TASK OBJECTIVE> Take every line of the material below that includes the string "Titel" and copy it out.

ENTRIES PROVIDED>
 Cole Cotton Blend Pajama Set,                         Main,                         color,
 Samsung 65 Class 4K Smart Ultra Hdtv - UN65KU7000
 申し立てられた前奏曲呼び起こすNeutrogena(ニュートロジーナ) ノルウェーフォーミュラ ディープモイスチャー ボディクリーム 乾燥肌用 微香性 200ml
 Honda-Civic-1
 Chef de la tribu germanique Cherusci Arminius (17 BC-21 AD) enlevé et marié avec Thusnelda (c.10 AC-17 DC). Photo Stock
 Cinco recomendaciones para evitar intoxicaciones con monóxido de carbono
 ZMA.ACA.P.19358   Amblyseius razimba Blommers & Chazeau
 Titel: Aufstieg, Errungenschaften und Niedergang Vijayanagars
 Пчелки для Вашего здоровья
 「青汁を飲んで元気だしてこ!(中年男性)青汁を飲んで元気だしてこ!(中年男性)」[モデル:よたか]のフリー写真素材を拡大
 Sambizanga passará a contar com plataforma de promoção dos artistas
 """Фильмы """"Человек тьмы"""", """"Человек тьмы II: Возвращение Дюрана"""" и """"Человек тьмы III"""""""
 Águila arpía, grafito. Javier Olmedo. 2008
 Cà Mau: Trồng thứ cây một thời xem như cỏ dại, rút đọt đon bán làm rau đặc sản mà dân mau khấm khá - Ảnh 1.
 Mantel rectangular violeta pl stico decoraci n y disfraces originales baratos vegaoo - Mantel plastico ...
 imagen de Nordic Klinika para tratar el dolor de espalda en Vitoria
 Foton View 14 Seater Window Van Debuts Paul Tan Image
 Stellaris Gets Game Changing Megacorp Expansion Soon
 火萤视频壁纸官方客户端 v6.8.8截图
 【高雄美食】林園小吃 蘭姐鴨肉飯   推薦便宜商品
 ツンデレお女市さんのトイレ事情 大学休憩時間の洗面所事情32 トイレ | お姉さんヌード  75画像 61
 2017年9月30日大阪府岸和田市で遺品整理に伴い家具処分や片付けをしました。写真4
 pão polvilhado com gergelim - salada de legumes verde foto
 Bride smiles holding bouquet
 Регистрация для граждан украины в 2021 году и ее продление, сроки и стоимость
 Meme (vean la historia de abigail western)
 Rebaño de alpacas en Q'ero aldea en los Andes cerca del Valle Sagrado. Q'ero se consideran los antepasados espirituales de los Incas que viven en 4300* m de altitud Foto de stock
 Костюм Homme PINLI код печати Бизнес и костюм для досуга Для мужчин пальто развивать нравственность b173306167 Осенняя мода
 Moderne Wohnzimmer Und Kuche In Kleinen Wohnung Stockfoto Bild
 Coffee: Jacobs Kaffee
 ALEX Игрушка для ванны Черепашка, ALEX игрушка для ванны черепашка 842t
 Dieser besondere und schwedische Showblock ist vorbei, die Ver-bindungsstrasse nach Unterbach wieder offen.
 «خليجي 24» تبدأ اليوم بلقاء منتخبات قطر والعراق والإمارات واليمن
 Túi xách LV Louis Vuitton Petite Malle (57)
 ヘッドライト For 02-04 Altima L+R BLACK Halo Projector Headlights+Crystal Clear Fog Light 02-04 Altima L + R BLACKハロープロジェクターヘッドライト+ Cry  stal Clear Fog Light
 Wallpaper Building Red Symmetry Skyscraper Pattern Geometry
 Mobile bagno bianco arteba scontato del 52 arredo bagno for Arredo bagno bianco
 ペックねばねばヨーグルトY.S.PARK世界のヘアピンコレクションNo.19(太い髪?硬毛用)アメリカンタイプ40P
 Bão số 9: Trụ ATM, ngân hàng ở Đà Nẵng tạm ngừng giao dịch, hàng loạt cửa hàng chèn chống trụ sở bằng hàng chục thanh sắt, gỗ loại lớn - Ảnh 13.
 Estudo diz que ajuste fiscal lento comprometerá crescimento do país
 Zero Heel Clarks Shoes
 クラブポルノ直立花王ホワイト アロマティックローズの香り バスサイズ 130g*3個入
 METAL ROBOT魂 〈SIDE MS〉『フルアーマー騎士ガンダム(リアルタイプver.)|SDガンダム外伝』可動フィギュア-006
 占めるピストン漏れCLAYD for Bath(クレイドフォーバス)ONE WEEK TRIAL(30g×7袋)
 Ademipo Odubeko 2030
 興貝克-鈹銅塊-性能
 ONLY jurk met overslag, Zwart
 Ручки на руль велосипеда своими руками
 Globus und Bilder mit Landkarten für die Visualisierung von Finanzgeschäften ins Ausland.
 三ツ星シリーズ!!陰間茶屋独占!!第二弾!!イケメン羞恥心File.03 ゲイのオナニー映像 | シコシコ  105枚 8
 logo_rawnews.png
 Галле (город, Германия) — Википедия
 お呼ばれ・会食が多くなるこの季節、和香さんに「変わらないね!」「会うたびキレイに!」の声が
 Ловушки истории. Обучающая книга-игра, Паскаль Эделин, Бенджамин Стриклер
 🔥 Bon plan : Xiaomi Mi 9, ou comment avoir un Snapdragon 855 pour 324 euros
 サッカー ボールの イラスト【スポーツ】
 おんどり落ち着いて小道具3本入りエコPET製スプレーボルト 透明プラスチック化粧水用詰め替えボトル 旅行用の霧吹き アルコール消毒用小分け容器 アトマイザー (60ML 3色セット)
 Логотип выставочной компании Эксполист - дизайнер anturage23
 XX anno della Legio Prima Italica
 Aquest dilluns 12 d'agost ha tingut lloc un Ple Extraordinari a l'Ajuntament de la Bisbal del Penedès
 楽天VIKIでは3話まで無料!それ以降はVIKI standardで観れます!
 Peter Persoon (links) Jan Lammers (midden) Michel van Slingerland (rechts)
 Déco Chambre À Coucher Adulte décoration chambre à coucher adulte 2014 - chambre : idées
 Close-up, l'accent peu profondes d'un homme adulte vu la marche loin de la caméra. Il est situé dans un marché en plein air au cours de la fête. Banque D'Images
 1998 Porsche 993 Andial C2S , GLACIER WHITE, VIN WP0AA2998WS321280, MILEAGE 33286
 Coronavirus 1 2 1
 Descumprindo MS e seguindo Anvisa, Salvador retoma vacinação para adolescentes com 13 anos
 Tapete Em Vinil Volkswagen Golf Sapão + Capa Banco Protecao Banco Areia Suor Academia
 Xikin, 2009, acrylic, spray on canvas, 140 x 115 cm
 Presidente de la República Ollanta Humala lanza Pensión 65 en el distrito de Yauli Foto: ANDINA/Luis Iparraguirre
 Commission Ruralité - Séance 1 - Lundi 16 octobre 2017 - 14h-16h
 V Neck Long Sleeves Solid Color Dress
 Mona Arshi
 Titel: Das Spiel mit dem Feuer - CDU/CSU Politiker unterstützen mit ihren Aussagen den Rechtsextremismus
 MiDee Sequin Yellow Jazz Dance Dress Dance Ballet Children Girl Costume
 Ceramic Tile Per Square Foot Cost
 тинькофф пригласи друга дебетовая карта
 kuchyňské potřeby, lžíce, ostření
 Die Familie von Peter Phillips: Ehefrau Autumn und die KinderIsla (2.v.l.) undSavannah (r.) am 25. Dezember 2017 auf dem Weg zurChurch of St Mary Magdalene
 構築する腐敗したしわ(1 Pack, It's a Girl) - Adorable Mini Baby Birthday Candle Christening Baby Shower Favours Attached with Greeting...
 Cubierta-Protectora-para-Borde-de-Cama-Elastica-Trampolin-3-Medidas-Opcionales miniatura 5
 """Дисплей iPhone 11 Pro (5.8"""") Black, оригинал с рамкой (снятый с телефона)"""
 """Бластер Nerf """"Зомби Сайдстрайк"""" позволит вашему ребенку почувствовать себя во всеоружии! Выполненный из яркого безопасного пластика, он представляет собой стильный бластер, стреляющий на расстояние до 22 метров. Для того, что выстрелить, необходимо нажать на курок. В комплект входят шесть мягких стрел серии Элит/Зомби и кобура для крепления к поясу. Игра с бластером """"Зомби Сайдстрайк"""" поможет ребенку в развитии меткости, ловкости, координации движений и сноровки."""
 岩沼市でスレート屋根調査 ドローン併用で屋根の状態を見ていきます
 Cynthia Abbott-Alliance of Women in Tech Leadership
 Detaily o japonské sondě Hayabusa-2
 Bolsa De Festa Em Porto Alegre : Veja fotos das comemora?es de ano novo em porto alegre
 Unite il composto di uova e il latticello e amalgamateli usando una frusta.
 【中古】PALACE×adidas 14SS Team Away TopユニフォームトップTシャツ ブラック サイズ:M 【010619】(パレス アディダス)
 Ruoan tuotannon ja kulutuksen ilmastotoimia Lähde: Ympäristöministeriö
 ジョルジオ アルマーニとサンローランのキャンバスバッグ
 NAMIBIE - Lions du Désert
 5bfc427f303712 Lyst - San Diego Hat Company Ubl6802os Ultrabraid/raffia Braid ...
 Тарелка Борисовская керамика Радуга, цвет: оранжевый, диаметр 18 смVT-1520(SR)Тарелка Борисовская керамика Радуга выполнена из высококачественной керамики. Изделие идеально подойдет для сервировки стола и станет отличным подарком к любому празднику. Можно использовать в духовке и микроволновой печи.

EXERCISE SOLUTION>
 Titel: Aufstieg, Errungenschaften und Niedergang Vijayanagars
 Titel: Das Spiel mit dem Feuer - CDU/CSU Politiker unterstützen mit ihren Aussagen den Rechtsextremismus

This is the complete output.